Most participants made positive comments in regards to the tool’s ability to support browsing. For example, the participants found the overview of the discussion, Summary statistics of the discussion and the Timeline, to be particularly helpful. P2: “I like the dates, I like the date of the -- I really like knowing the timeframe of the thread and the number of participants. All of that summary information is very good.” On the other hand, the Slider did not live up to the expectations. For example, the interactive graphical part of the visualization that involved the Slider, developed for navigational purposes for quick browsing, caused the most negative reactions. This was primarily due to the density of information, small font size used in that area and poor adjustability for different screen sizes, especially for small screens. The participants had split opinions about the list of participants and their number. Some of the participants found those useful for formulating opinion summaries or knowing what positions to expect in the discussion; others found them somewhat irrelevant.

More generally, however, some participants questioned the tool’s attention on a single discussion thread as the only focus in the visualization. When describing their browsing experiences, these participants often talked about the need to see a discussion within the context of the forum, rather than as an isolated instance. P3: “I'm more inclined to look at all the discussions, all the responses.” These participants were likely to perceive individual threads as existing in a symbiotic relationship with other discussions that are on the same topic or have a certain amount of overlap in the topics they cover, alluding for a broader relevant context when reading a particular discussion. This colored their perceptions of the tool’s focus on a single discussion thread: P7: “…so if you clicked on pump you would see a list here of all of the discussions’ summaries of whatever, of, of whatever is related in, in another discussion, that, that would be good.” These participants wished to see the overlap between different discussions on the same topic, and to compare the topics between discussion threads. P10: “Perhaps instead of, instead of this, maybe, on keywords, if you clicked on insulin or mdi or pump instead of showing where it shows up, here, what other discussions are mentioning pump, insulin and mdi…” Participants were also interested to see forum wide statistics, a more quantitative description of what was going on in the forum: P3: “I might want to compare this to discussions and see what the keywords are for both and see if I could cross reference some keywords. I might also want to know what the community’s trending keywords are.” Finally, the participants proposed the following new features for more efficient skimming of discussions: highlighting keywords of interest in the text, finding the latest posts in the discussion, and labeling the read posts.

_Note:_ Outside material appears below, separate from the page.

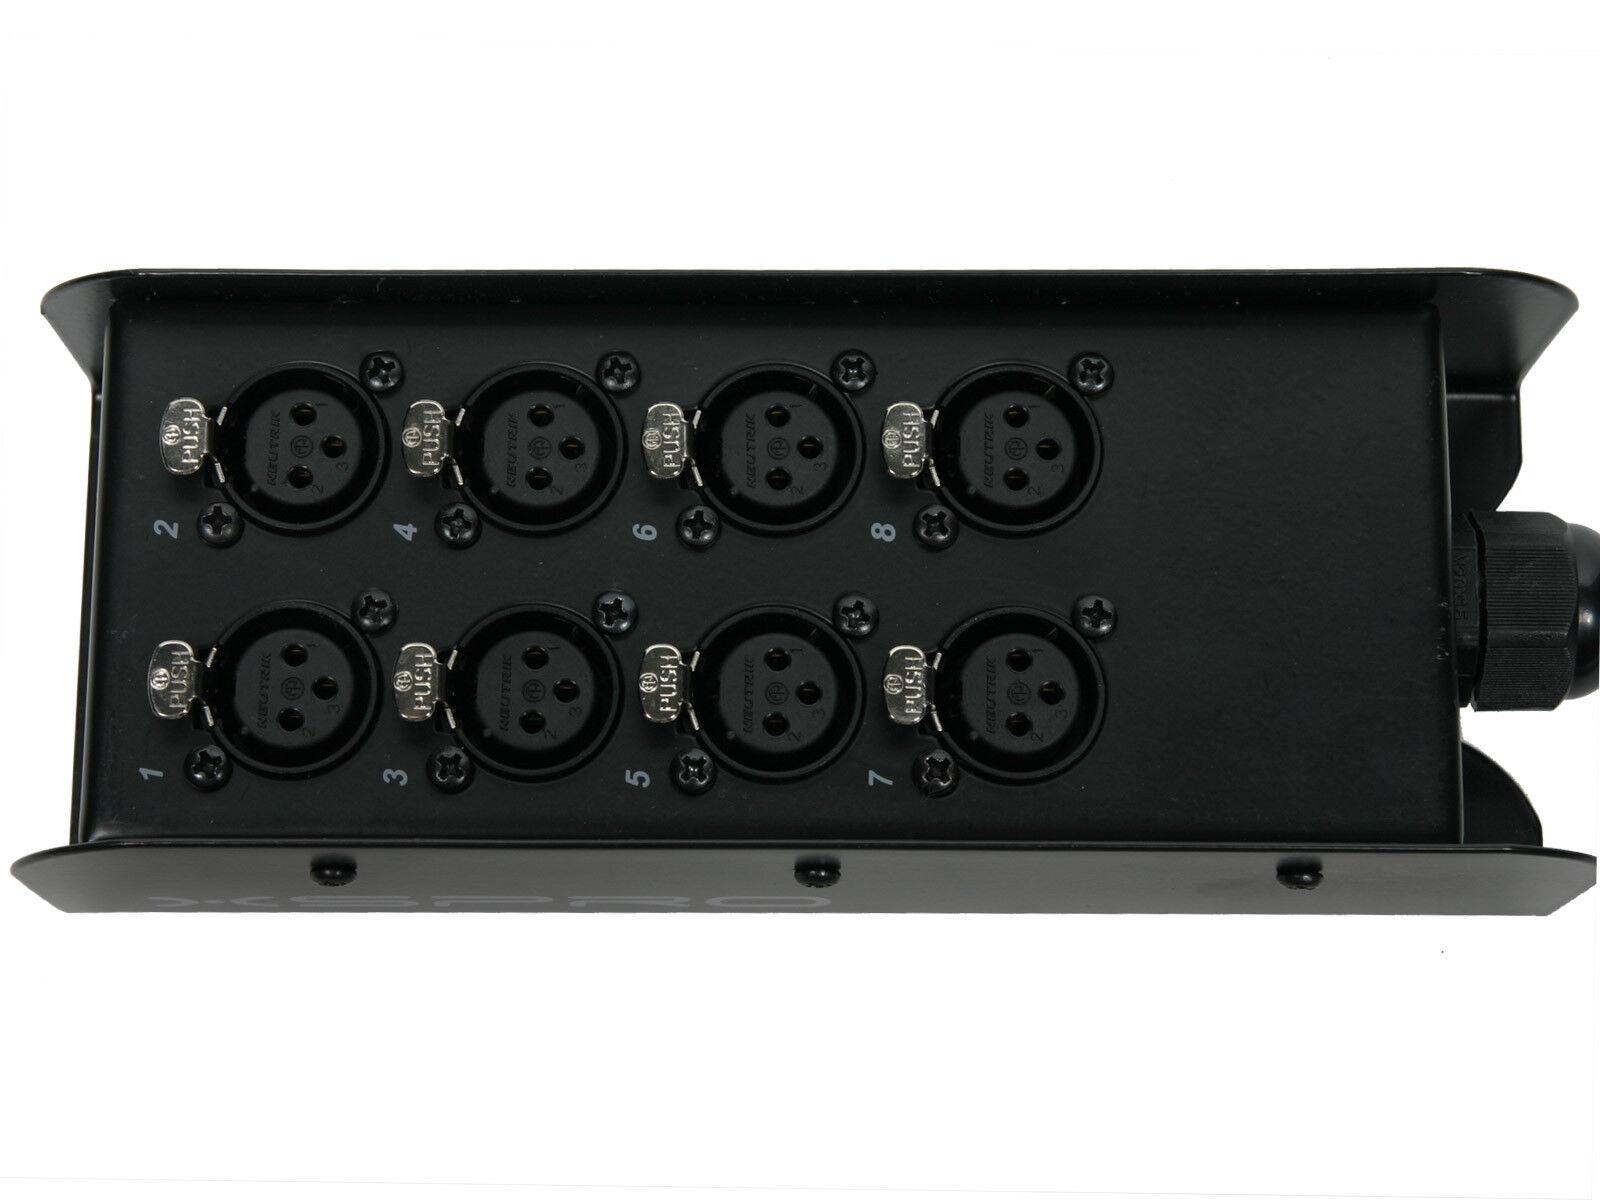 XSPRO 8 Channel 30/' Pro Audio Low Profile Snake 8x30

Focused information search. According to the participants, the tool was helpful in finding specific information of interest. The most-liked feature for this task was the Index Panel with its Keywords section. P2: “I would love to sort of sort out especially with long threads the ones that really went back to the key points of the initial discussion, like in this case pump and insulin I would probably because I'm an insulin user. I would probably pick on insulin and pump. So it does help me …” However, some participants thought they could not find much use of the Index Panel in real life, although it helped them answer the questions in the study. The participants also proposed specific enhancements to existing features. These included: more prominent highlighting of the selections in the Index Panel, and selection of multiple keywords for the purpose of building more complex Boolean queries.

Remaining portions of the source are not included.